En 1999, il plaide à nouveau pour des évadés de Clairvaux, dans une autre affaire de "belle" mortelle. Le procès devient celui des très longues peines de prison. Plus tard, il défend aussi Patrick Henry, détenu depuis près de 40 ans pour le meurtre d'un enfant, après avoir symbolisé le combat pour l'abolition de la peine capitale.
La prison est une peine qui n'est pas comprise par ceux qui la subissent, qui ne peut pas l'être.
Thierry LévyAFP, été 2016
Thierry Lévy, président de la section française de l'Observatoire international des prisons entre 2000 et 2004, a consacré une partie de sa vie et de ses nombreux écrits à ce qui était, pour lui, le combat d'après : l'abolition de la prison. L'a-t-il perdu ? "Oui. Je crois", confiait-il dans un entretien accordé à l'AFP, à l'été 2016. "Le désir de punir est profondément ancré dans la nature humaine, constatait-il. L'efficacité des alternatives à la détention est certaine, elle est garantie. Mais ce qui leur manque, c'est d'être douloureuses, ou d'être assez douloureuses."

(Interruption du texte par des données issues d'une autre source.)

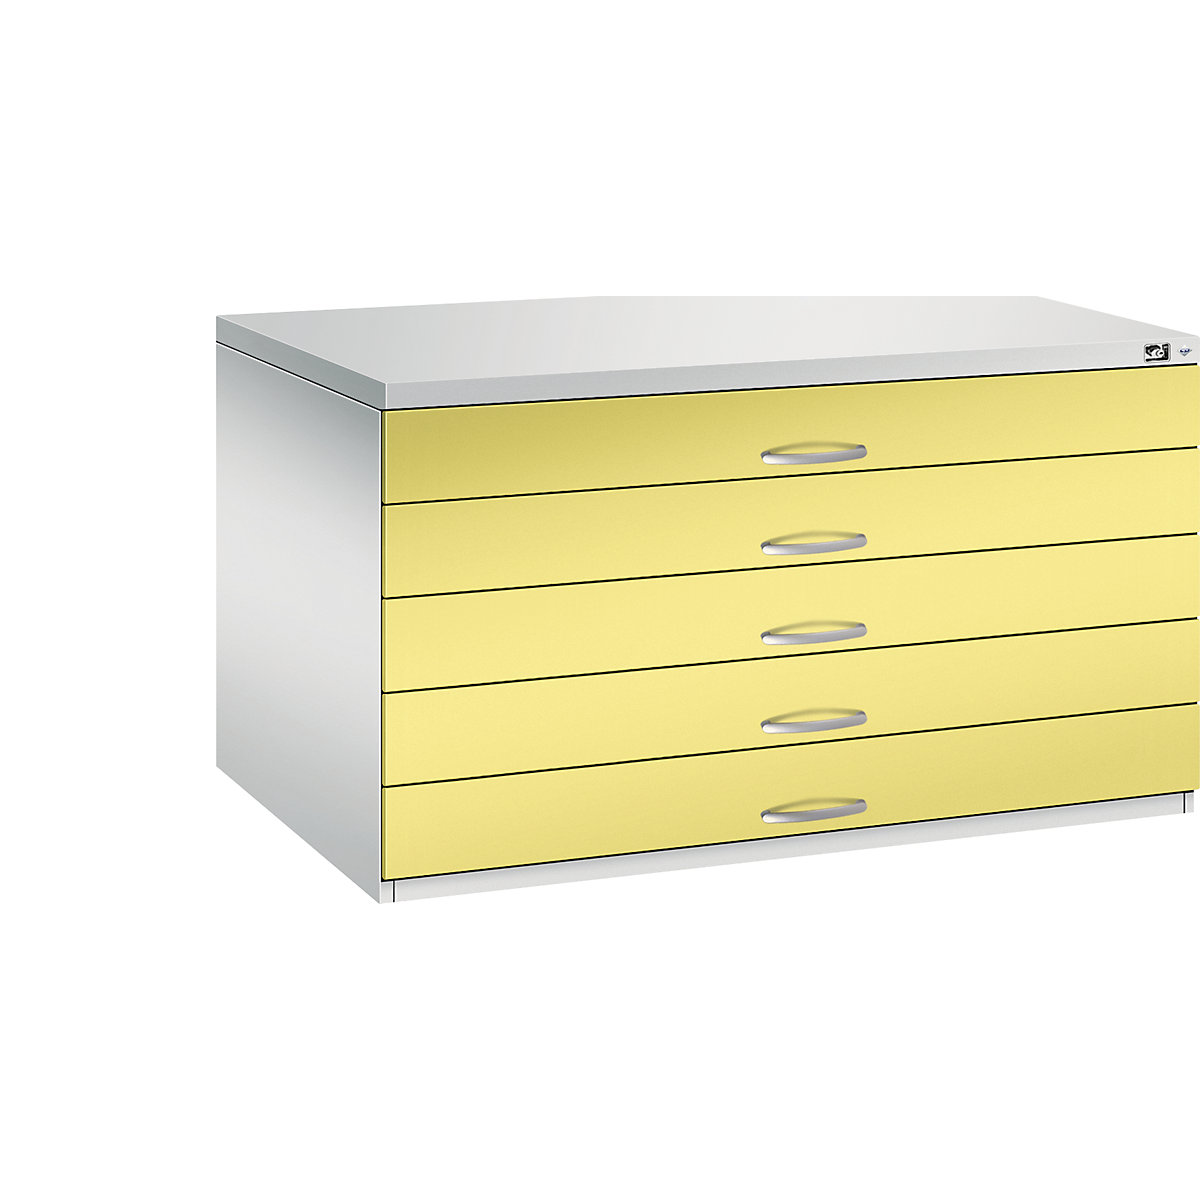 Drawing cabinet – C+P, A0, 5 drawers, height 760 mm, light grey / sulphur yellow-22

Ces dernières années, l'avocat au visage émacié s'était encore trouvé un autre combat désespéré : contester la place, toujours plus grande, accordée aux victimes dans l'action judiciaire. "L'institution judiciaire s'est trouvée un nouveau maître, plus aveugle, plus menaçant encore que l'Etat autoritaire. Le plaignant aux mille récriminations, idolâtré, transfiguré en sainte victime", pèse toujours plus lourd face à des prévenus ou accusés souvent condamnés d'avance, écrivait-il dans Eloge de la barbarie judiciaire (2004).